Dead Water Zone - Kenneth Oppel [43]
Paul thought there was a pleading quality in his voice, but he tried to block it out, wishing he felt nothing.
“There’re some things I need to tell you,” said Sam, again almost confidingly. “I want you to understand why I’m doing this.”
“You hated your body; you always did.”
“But you never truly knew what it was like. You probably think the worst thing was the humiliation of getting bullied, my helplessness, my hatred of the Randy Smiths of this world. But the worst of it was the guilt.”

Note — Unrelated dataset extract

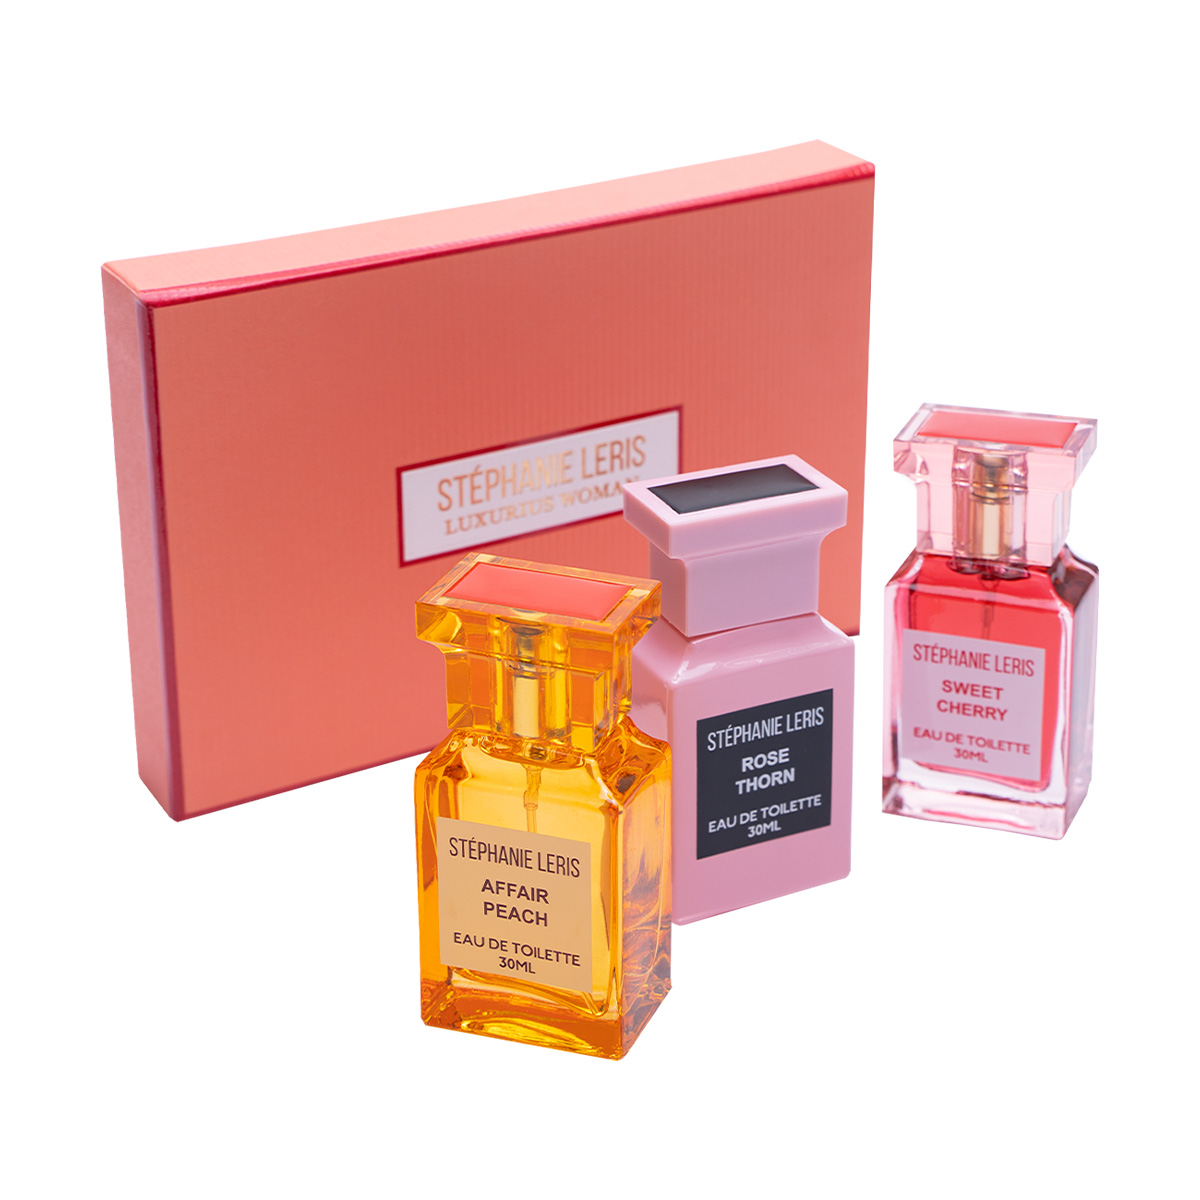 Stephanie Leris Luxurious Woman, набор женского парфюма 3 в 1 (3 шт. по 30 мл), Парфюмерия, Наборы парфюмированные

Paul stared in astonishment.
“The guilt of needing to be protected, needing to be taken care of, needing special attention, needing pills—always, always needing! But worst of all, the guilt that I’d failed myself. Every time I went to the doctor’s, they weighed me. It seems like such a simple thing, doesn’t it? But I was sweating when I stepped onto that scale. They’d adjust the weights, starting high, and work down, down, down. The numbers were the same almost every time, maybe a few pounds lighter, but never heavier. I felt responsible: it was my fault. Somehow, there was something I wasn’t doing right! And the nurses and doctors would look at me, look at the weight on the scales, then write the number in my file: silent, invisible blame.”

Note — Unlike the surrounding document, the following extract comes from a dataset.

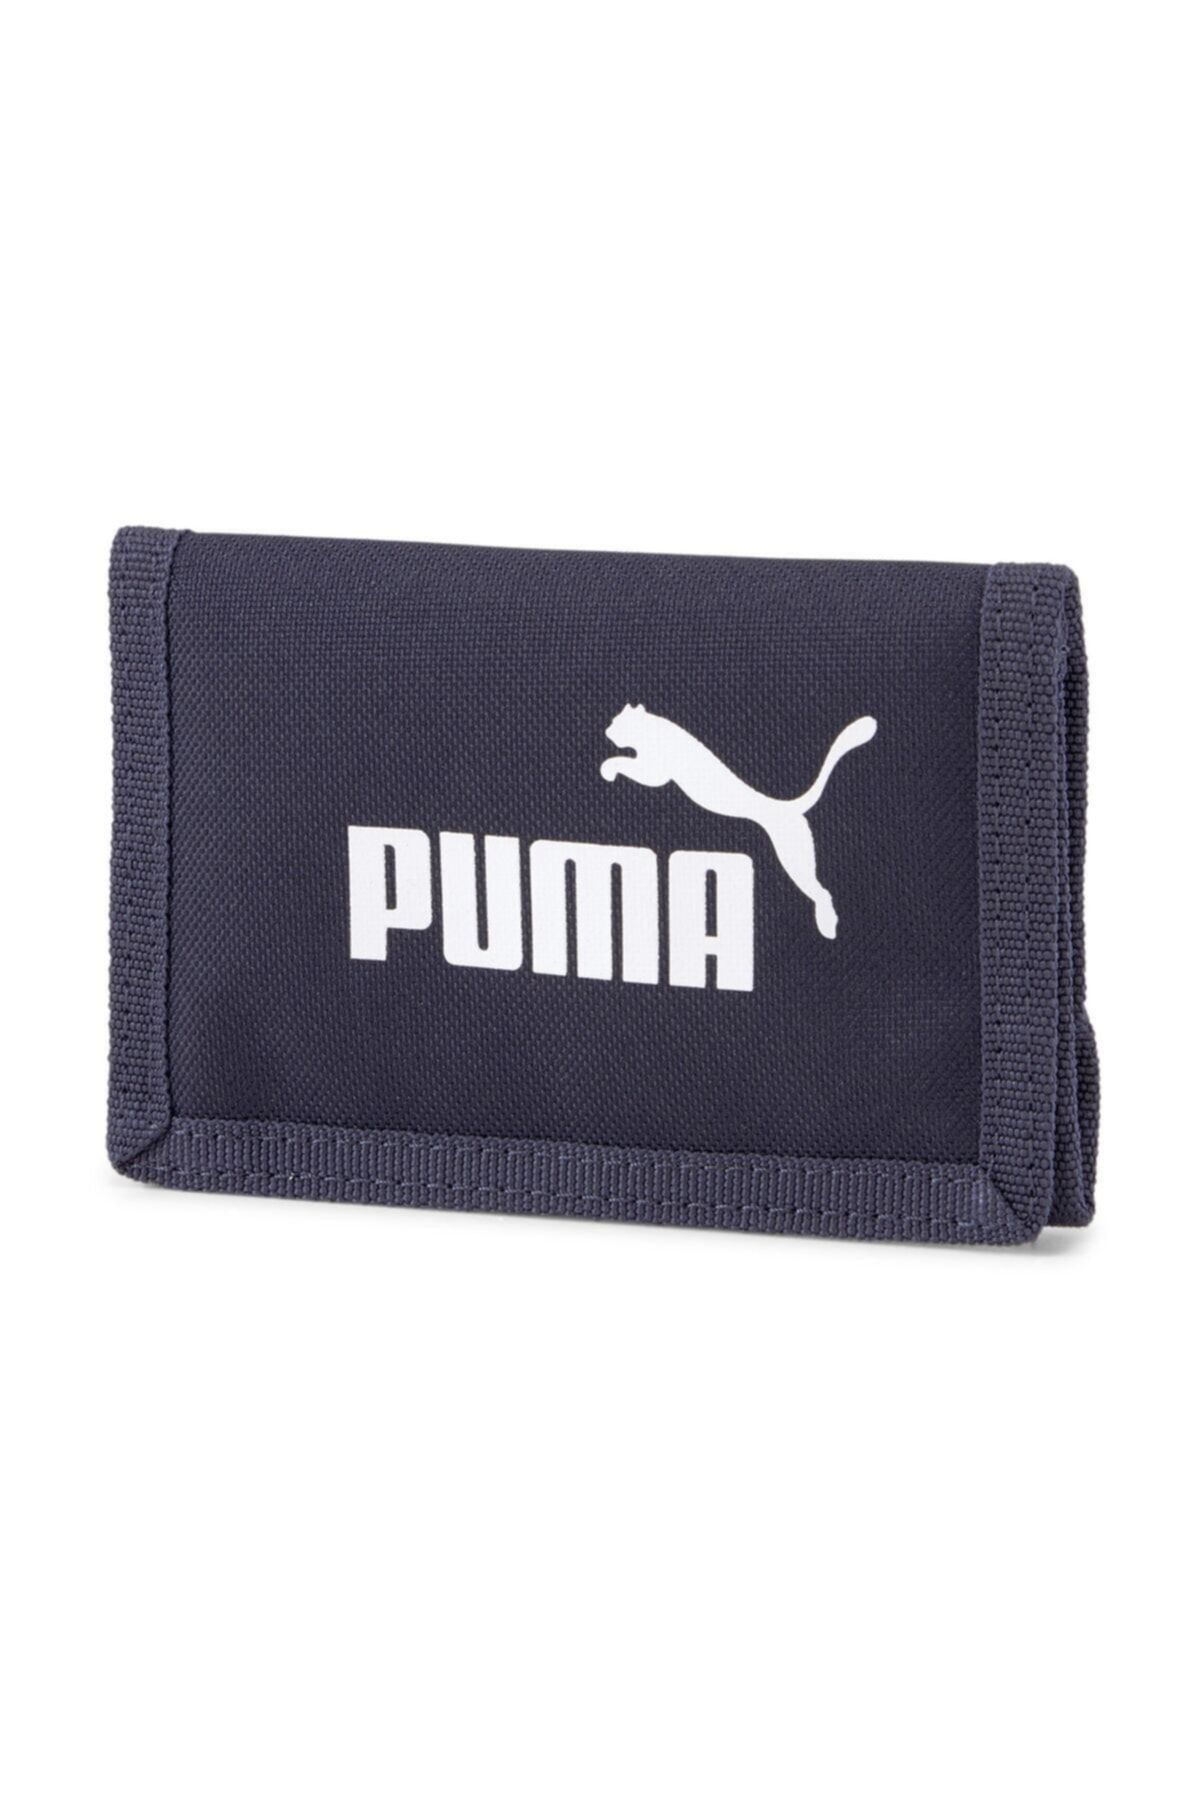 Puma Unisex Cüzdan - Phase Wallet Peacoat - 07561743

“It’s just not true. How could it be your fault? It’s nobody’s fault.”
“Ah, but it doesn’t work that way, does it? You blamed me, too, Paul.”

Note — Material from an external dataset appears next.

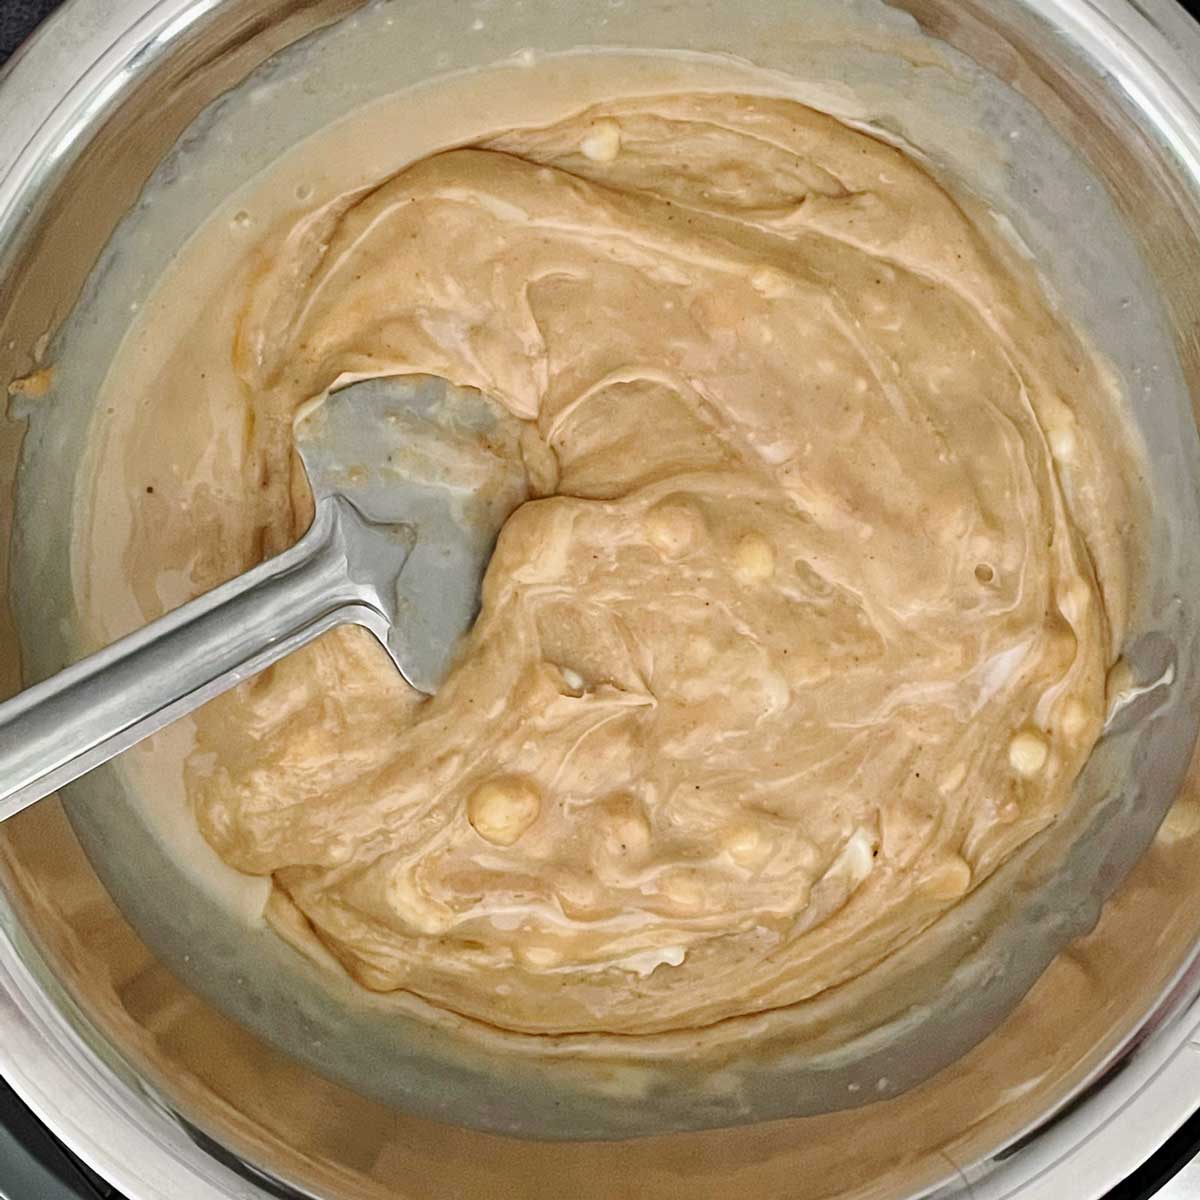 Peanut butter fudge mix in a steel bowl.

Paul was about to protest, but he faltered, remembering his reaction when Sam told him he wasn’t going to live a full life. He’d felt pity, grief, but revulsion, too—a drawing away, an angry pointing of the finger. This is your fault.
“And Mom and Dad weren’t any different,” Sam went on. “They wanted me to get better—I really do believe that. They took me to the best doctors they knew, spent hours with me in hospitals. But I wasn’t performing—that’s the way they thought of it. I could see it in their silences, the way I caught them looking at me sometimes. They were putting x into me, but I wasn’t putting y out—like some math equation! When it came right down to it, I was an embarrassment, their failure. They were glad when I left for college. It was a big sigh of relief for them.”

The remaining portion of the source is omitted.